Data shown
=====
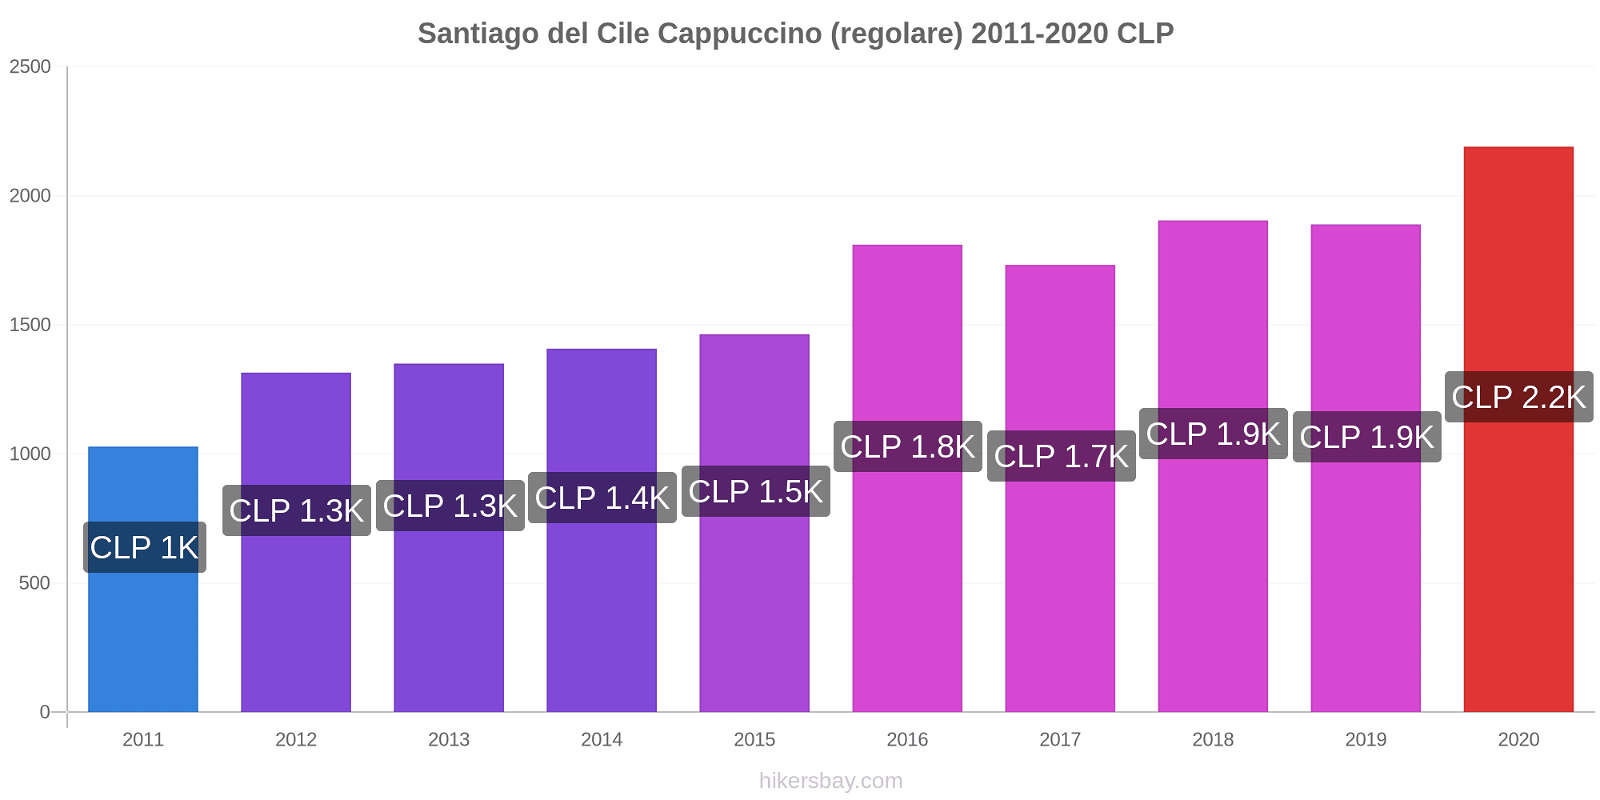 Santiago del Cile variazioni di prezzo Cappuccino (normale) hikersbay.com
=====
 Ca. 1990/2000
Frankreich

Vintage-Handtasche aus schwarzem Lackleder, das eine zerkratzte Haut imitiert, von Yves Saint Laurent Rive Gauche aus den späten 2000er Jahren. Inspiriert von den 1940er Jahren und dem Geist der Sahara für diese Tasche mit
=====
Your instructions
Copy word for word the stretch of entries above from the line that has "Ca. 1990/2000" through the line that has "Vintage-Handtasche aus schwarzem", both ends included, and nothing outside it.

Output
 Ca. 1990/2000
Frankreich

Vintage-Handtasche aus schwarzem Lackleder, das eine zerkratzte Haut imitiert, von Yves Saint Laurent Rive Gauche aus den späten 2000er Jahren. Inspiriert von den 1940er Jahren und dem Geist der Sahara für diese Tasche mit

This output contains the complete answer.